Beyond the panel discussion, some of the work that caught my attention included:
- Kinectasploit. Jeff Bryner presented my favorite work of the weekend, on “linking the Kinect with Metasploit [and 19 other security tools] in a 3D, first person shooter environment.” I have seen the future of human-computer interaction for security analysts — it is Tom Cruise in Minority Report — and the work on Kinectasploit is a big step in us getting there.
- Near field communications insecurity. Charlie Miller (“An analysis of the Near Field Communication [NFC] attack surface”) explained that “through NFC, using technologies like Android Beam or NDEF content sharing, one can make some phones parse images, videos, contacts, office documents, even open up web pages in the browser, all without user interaction. In some cases, it is even possible to completely take over control of the phone via NFC, including stealing photos, contacts, even sending text messages and making phone calls” and showed a live demo of using an NFC exploit to take remote control of a phone.

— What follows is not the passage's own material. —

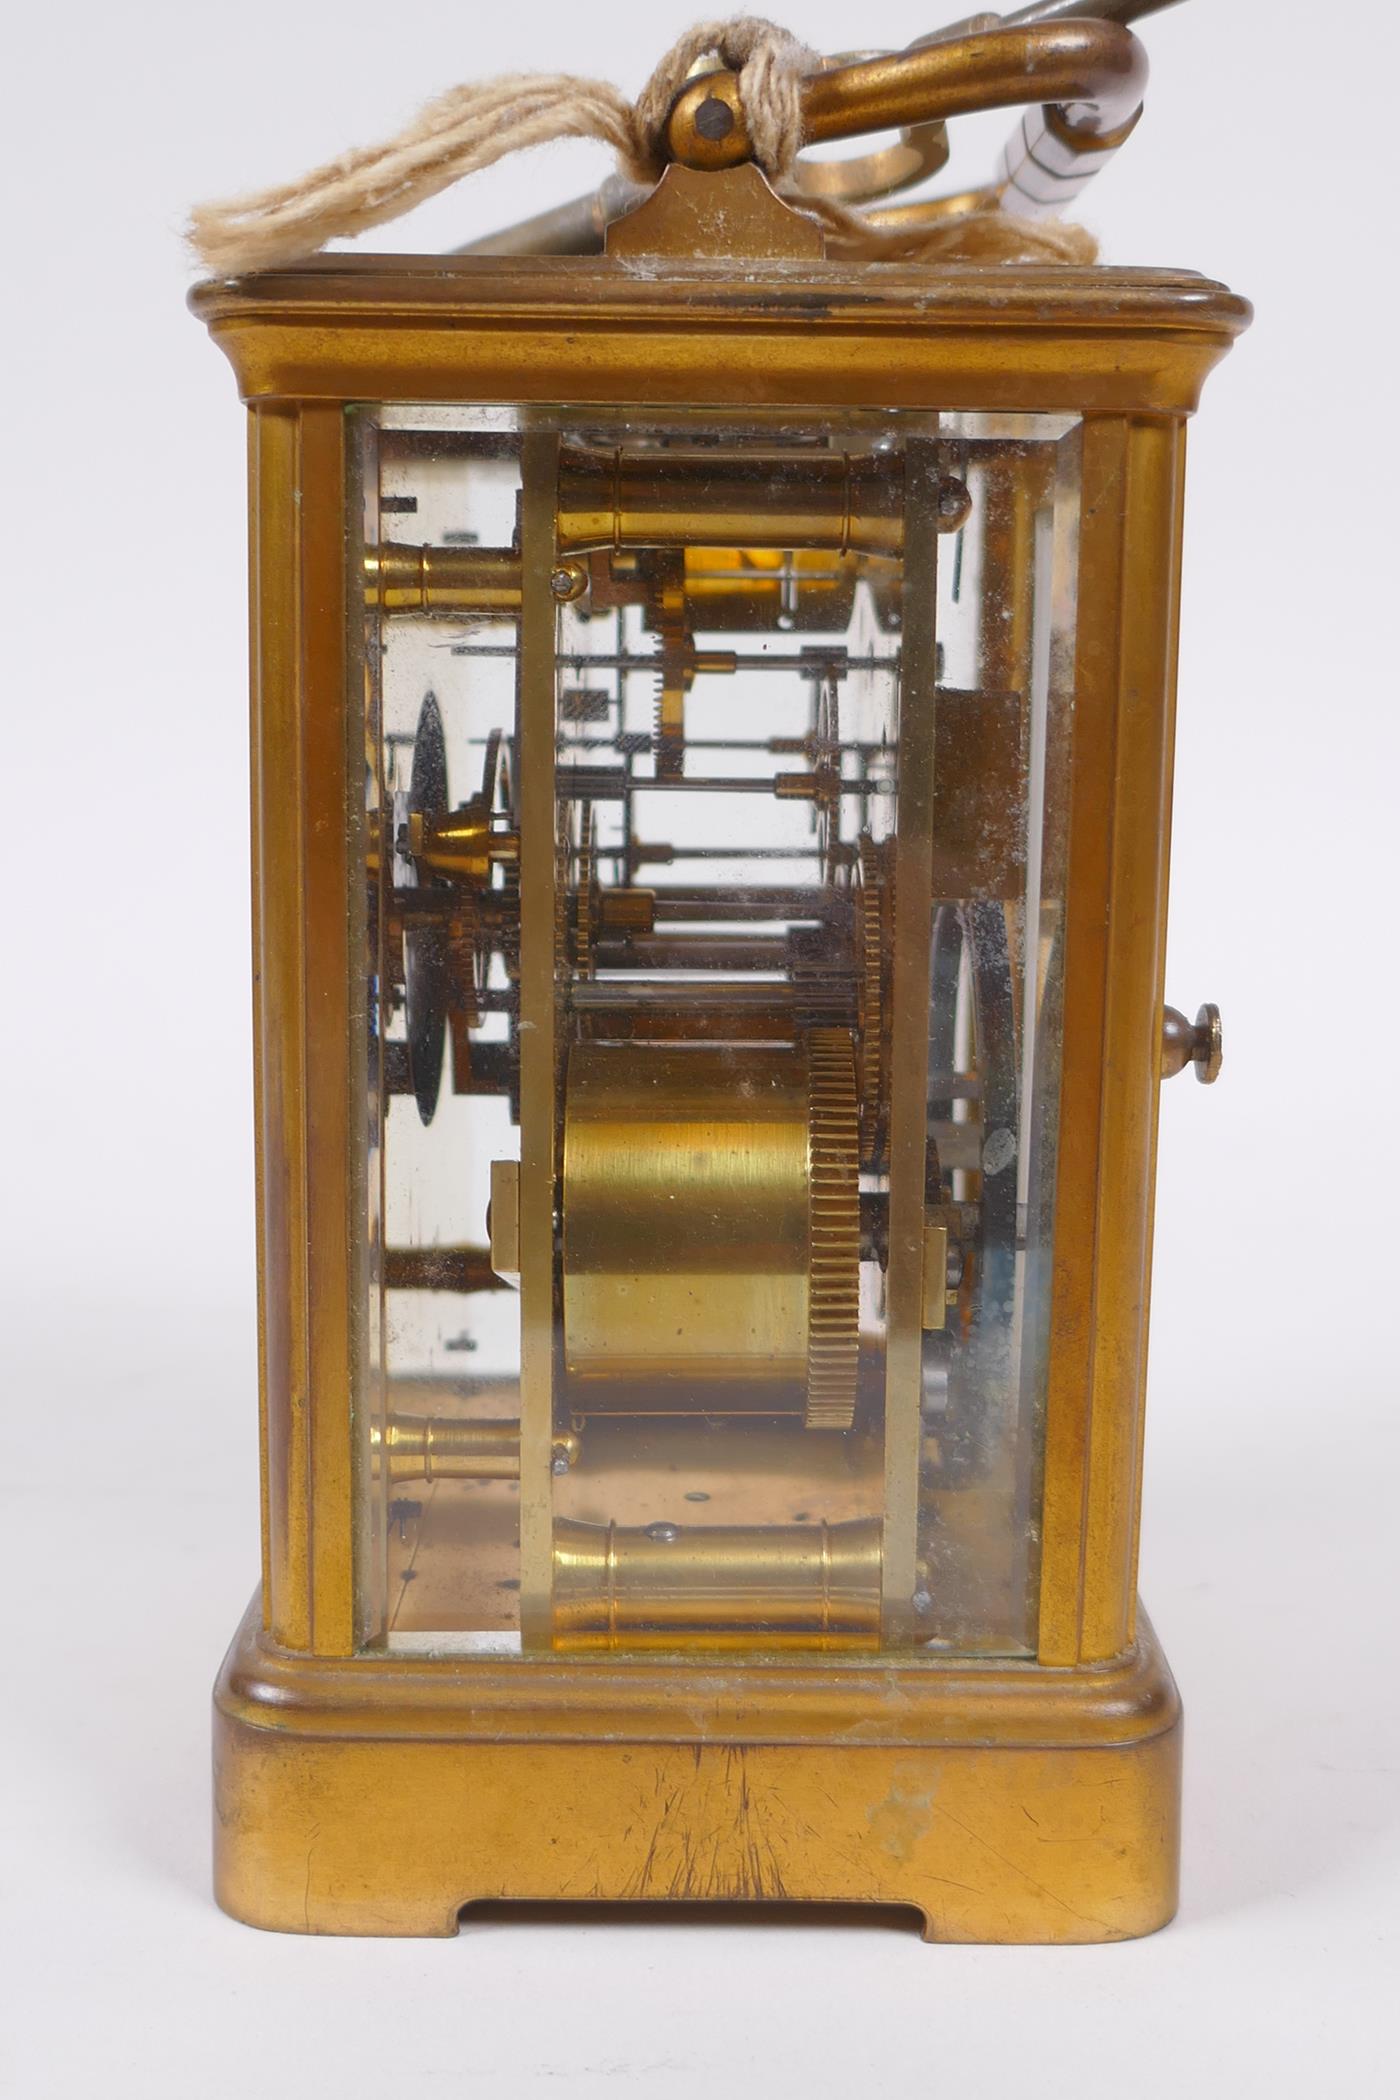 An early C20th French brass carriage clock striking on a gong by Richard & Cie,9 x 8cm, 14cm high - Image 6 of 6

- Operating systems insecurity. Rebecca Shapiro and Sergey Bratus from Dartmouth made the fascinating observation that the ELF (executable and linker format) linker/loader is itself a Turing-complete computer: “[we demonstrate] how specially crafted ELF relocation and symbol table entries can act as instructions to coerce the linker/loader into performing arbitrary computation. We will present a proof-of-concept method of constructing ELF metadata to implement [Turing-complete] language primitives and well as demonstrate a method of crafting relocation entries to insert a backdoor into an executable.” The authors’ earlier white paper provides a good introduction to what they call “programming weird machines”.

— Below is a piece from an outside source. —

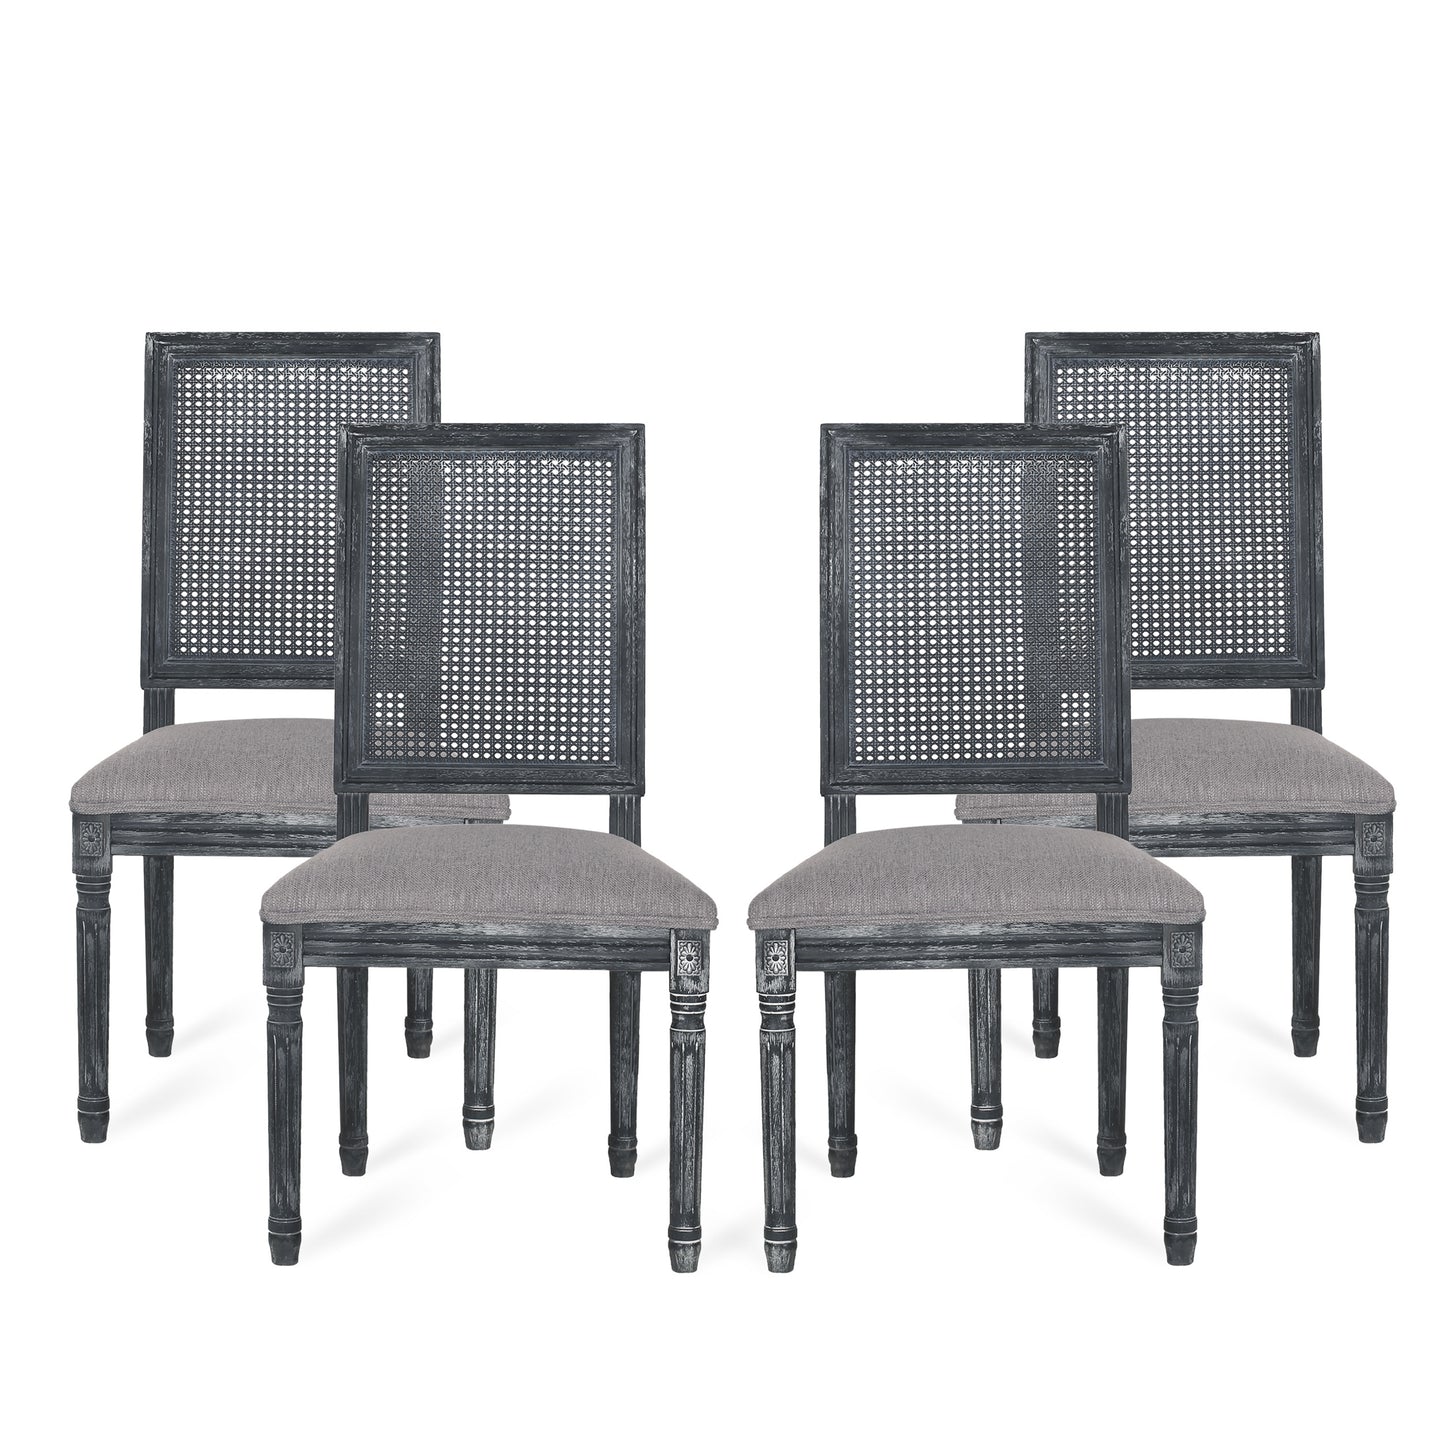 Brownell French Country Wood and Cane Upholstered Dining Chair, Set of 4

- Wired communications insecurity. Collin Mulliner (“Probing mobile operator networks”) probed public IPv4 address blocks known to be used by mobile carriers and found a variety of non-phone devices, such as smart meters, with a variety of enabled services with obtainable passwords.
- Governmental infrastructure insecurity. My next-to-favorite work was “How to hack all the transport networks of a country,” presented by Alberto García Illera, where he described a combination of physical and electronic penetration vectors used “to get free tickets, getting control of the ticket machines, getting clients [credit card] dumps, hooking internal processes to get the client info, pivoting between machines, encapsulating all the traffic to bypass the firewalls” of the rail network in his home country.

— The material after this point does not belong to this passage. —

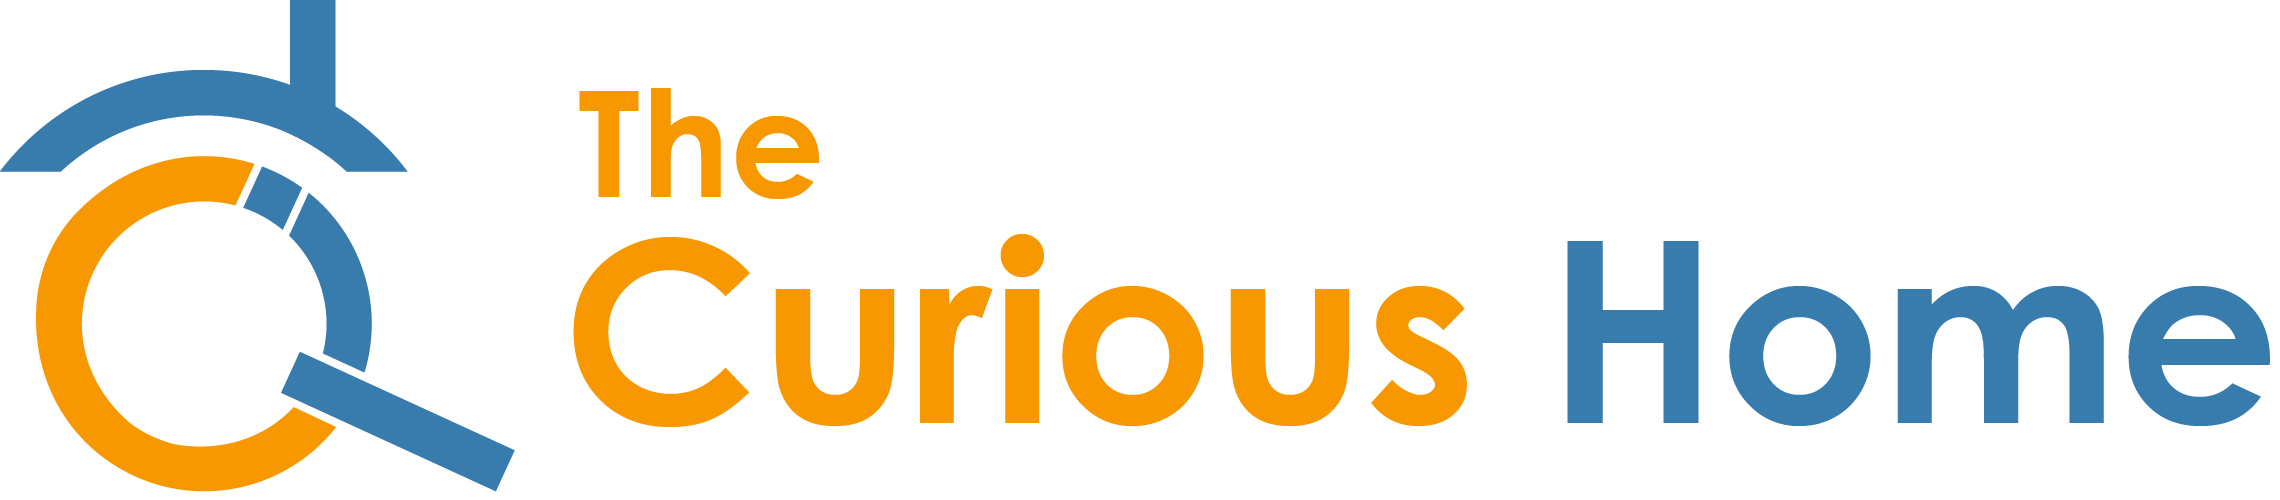 The Curious Home

- Aviation communications insecurity. There were three talks on aviation insecurity, all focused on radio transmissions or telemetry (the new ADS-B standard for automated position reporting, to be deployed over the next twenty years) sent from or to an aircraft.
Last year I tried to attend as many talks as I could but left Vegas disappointed — I found that there is a low signal-to-noise ratio when it comes to well-executed, well-presented work at these venues. The “takeaway value” of the work presented is nowhere near as rigorous or useful as that at research/academic conferences like CCS or NDSS. But it turns out that’s okay; these venues are much more about the vibe, and the sharing, and the inspiration (you too can hack!), than about peer-reviewed or archival-quality research. DEF CON in particular provides a pretty fair immersive simulation of living inside a Neal Stephenson or Charlie Stross novel.
This year I spent more time wandering the vendor floor (Black Hat) and acquiring skills in the lockpick village (DEF CON), while still attending the most-interesting-looking talks andshows. By lowering my “takeaway value” expectations a bit I ended up enjoying my week in Vegas much more than expected.